D, not sure I'll ever get used to ur new name!
Not sure if this has been posted, but would love ur take.
GLTA
Hi 66,
Well I'd never heard of this tech, so I'm not up to speed on the prospects.
ECRAM = ElectroChemical Random Access Memory.
As far as I understand it, the electrochemical bit refers to a what I would descrbe as the merging of an electrochemical capacitor (a bit similar to a battery) with a field effect transistor (FET). The transistor includes an electrolyte through which ions, eg, Li+, travel between source and drain under control of the gate voltage to change the charge state of the device.

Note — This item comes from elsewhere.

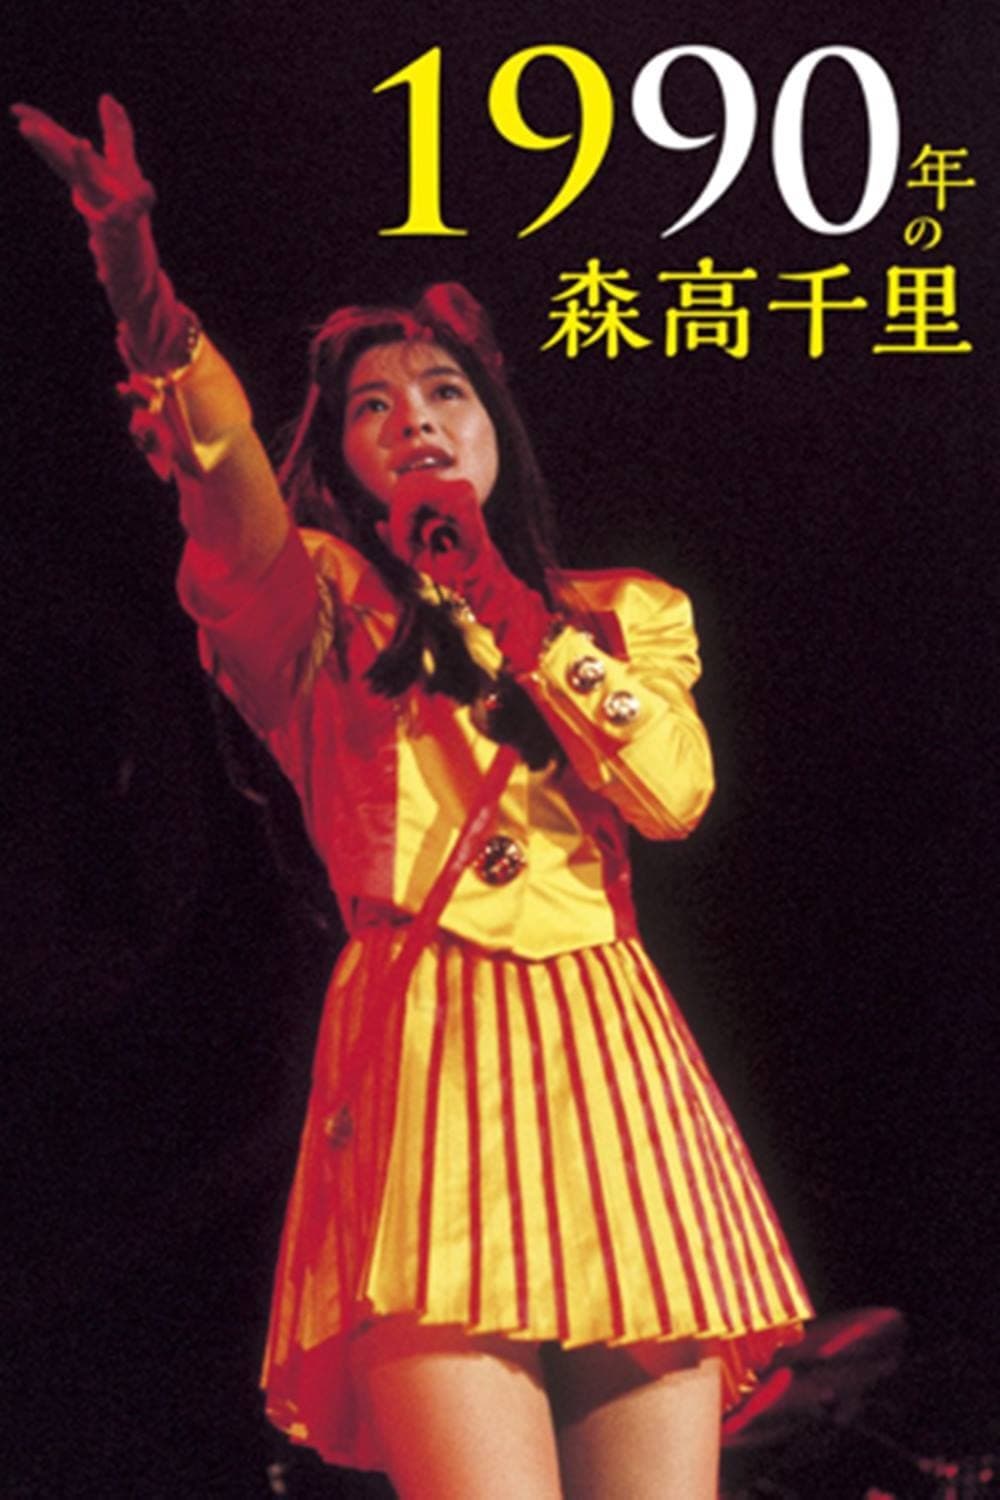 1990 Nen no Moritaka Chisato

https://onlinelibrary.wiley.com/doi/10.1002/smsc.202100006
Figure 7
However, it seems to be very much at a research stage:
https://en.wikipedia.org/wiki/Electrochemical_RAM
I would think it will not emerge as a practical device array for several years, if at all.
"
We will [therefore] be able to fabricate special purpose computer blocks (in say 5-10 years) where memory and transistors merge making them at least 1000 times more energy efficient than the best computers we have today for AI and simulation tasks (some calculation even show 1 million fold energy efficiency for certain algorithms).
We can likely expect the first commercial product to land before the end of this decade as the GTM (Go to Market) strategy requires at least five years of trials."

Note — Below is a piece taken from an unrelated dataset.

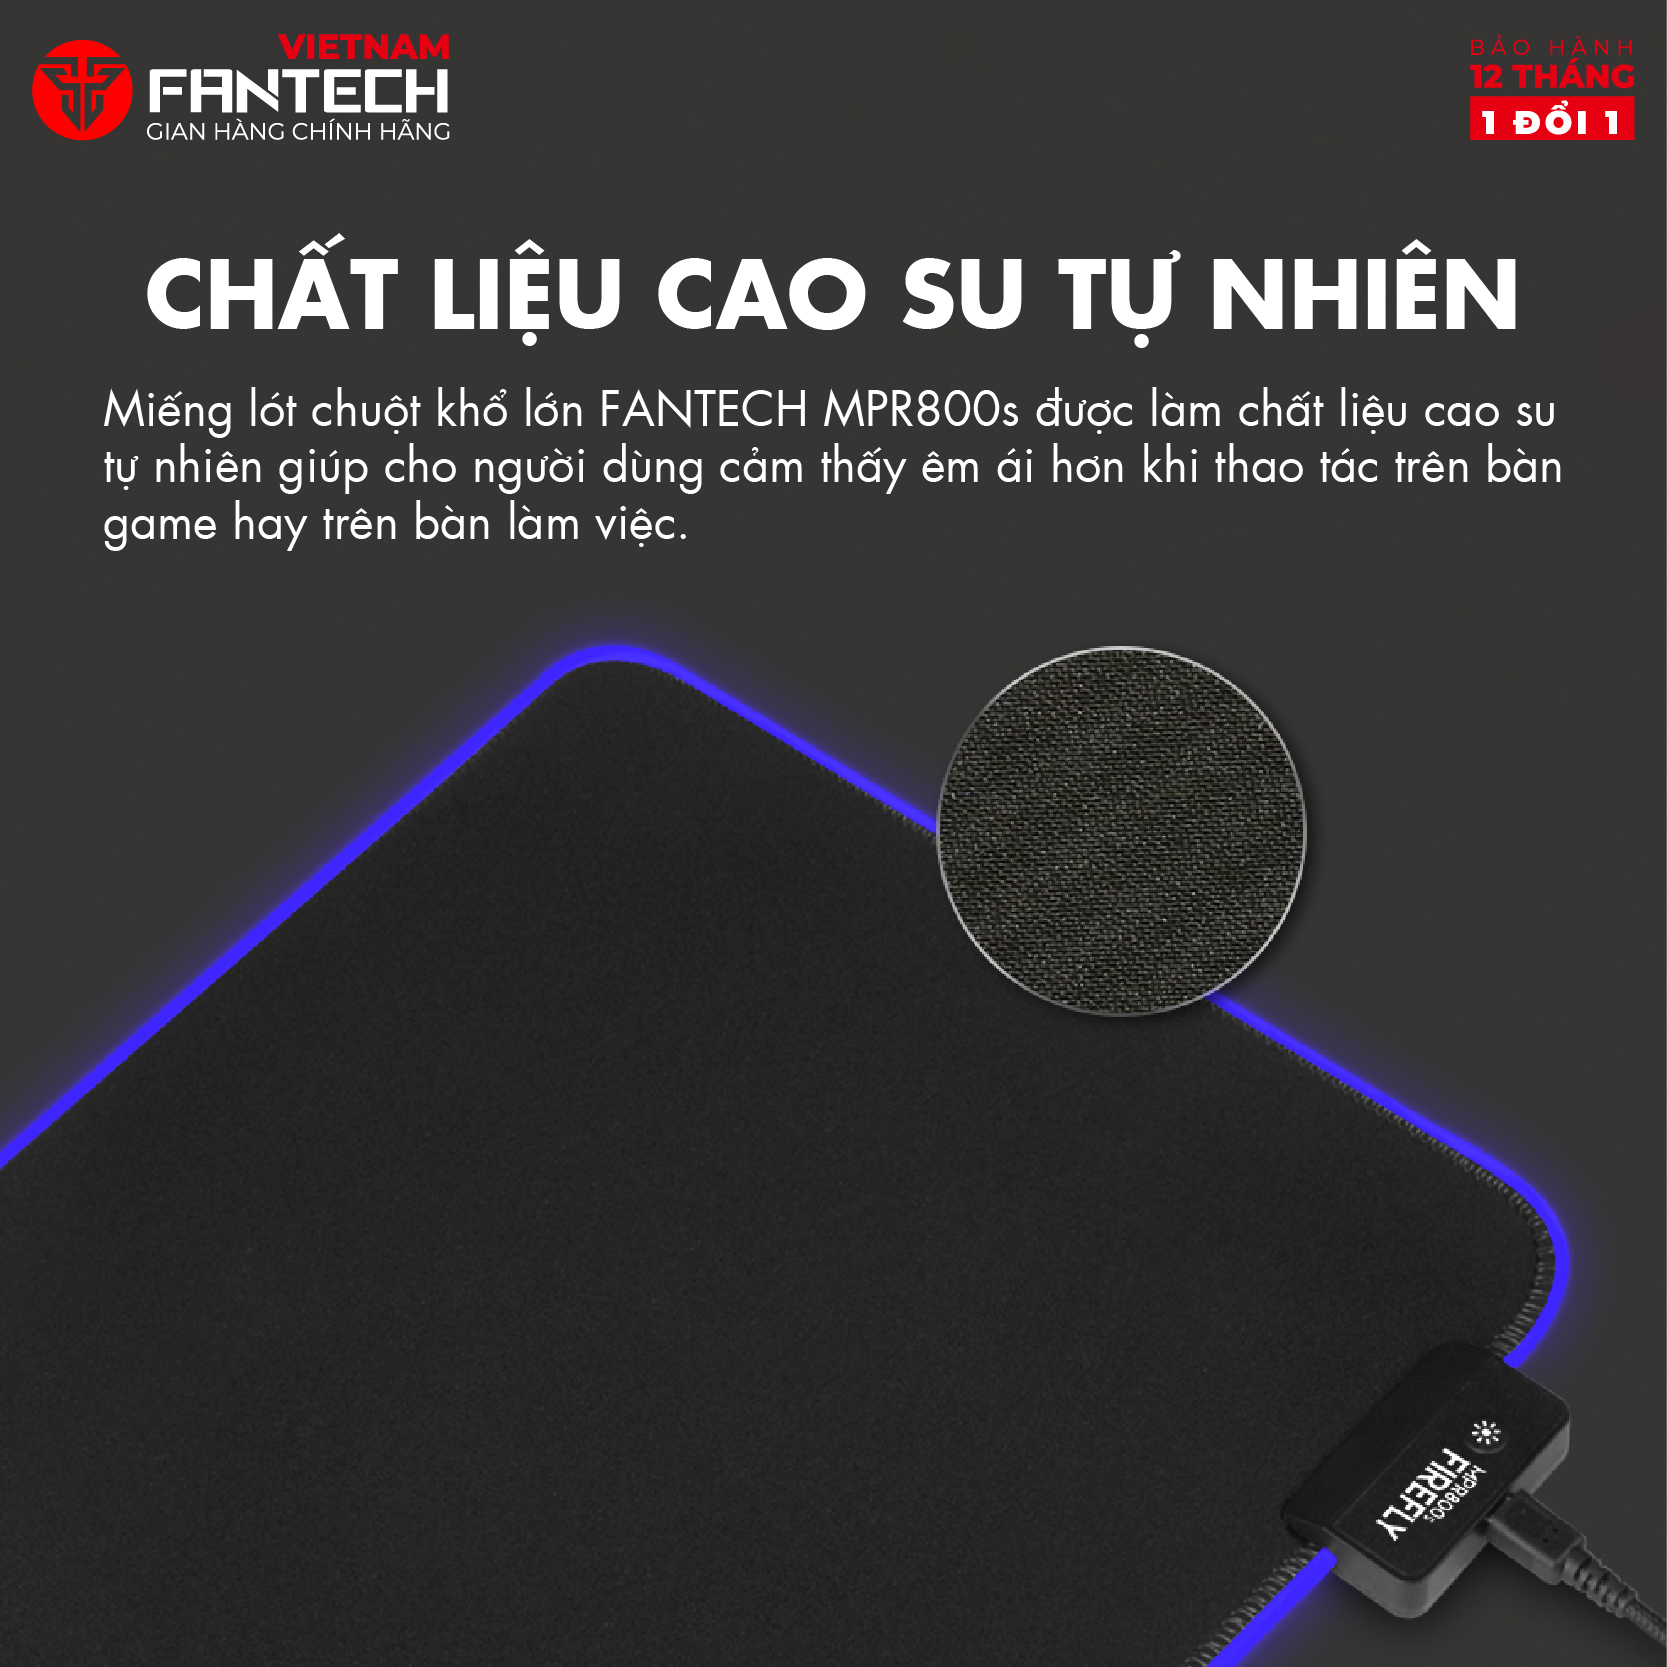 Miếng Lót Chuột Gaming Cỡ Lớn 80 x 30 x 0.4mm Fullsized FANTECH MPR800s FIREFLY Viền LED RGB 7 Chế...

The comparison of 1000 times more energy efficiency than other ECRAMS only suggests that current ECRAMs are pretty slow because they say they need to scale to 2nm to become as fast as real transistors. Remembering that they are talking about a lab model, this means their current implementation is slower than real transistors.
Prof google shows that there is a lot of research in the ECRAM field.
As far as NNs are concerned, most of the talk is of ReRAMS.
https://onlinelibrary.wiley.com/doi/10.1002/smsc.202100006
4.3 Artificial Neurons and Artificial Synapses
CMOS integrated circuits used for simulation usually have a sundry circuit architecture, which is unlikely to be the ultimate solution for future artificial intelligence applications in terms of power consumption and size. Meanwhile, due to their conduction mechanism, which is similar to neural dynamics, and structure, which is similar to that of synapses, memristors are the most reported nonlinear storage devices used to simulate artificial synapses and artificial neurons.[
59]
Figure 11
The biological synaptic plasticity is an important parameter affecting the ability of synapses to achieve memory and learning. It is a measure of the synapse strength (corresponding to conductance of the device) as a function of the activity of neurons (electrical signals). Depending on the length of pulse duration, synaptic plasticity can be divided into short-term plasticity and long-term plasticity (STP and LTP). In the Ti3C2 artificial synapses, when a pair of adjacent spikes was applied, the postsynaptic current increased, and the depolarization-induced excitatory postsynaptic current increased sharply and then decreased in a short time, which is STP (Figure 11d). PPF is a polymerized form of STP. That is, in an artificial synapse, the application of one pulse will cause some ions to remain in the synapse, and then the second pulse will enhance the synaptic response. Similar to the behavior of biological synapses, artificial synapses can realize tunable synaptic weights by adjusting the pulse duration, number, amplitude, and frequency.
Figure 11e shows the spike-duration-dependent plasticity of the Ti3C2 artificial synapses.
Figure 11 cont ...
When the spike amplitude was fixed, the increase in the pulse time increased the number of ions that escaped from the surface of the MXene, resulting in a significant increase in the synaptic strength. By the same principle, when the number of spikes increased from 1 to 10, the synaptic weight of the Ti3C2 synapses increased sharply, exhibiting spike-number-dependent plasticity. However, a continuous increase in the number of pulses (≈50) caused the synapse weight to reach saturation and completed the STP-to-LTP conversion process. This is because as the number of spikes increased, a significant number of Li+ ions migrated to the Ti3C2-MXene/LPE surface, and some ions even escaped from the internal channel of Ti3C2. When the pulses were removed, the time for Li+ ions to return to their original position became longer, which means that the synaptic weight of Ti3C2 could be precisely adjusted by controlling the interval and sequence between the voltage pulses.
Escaping ions sounds like one problem they will need to fix.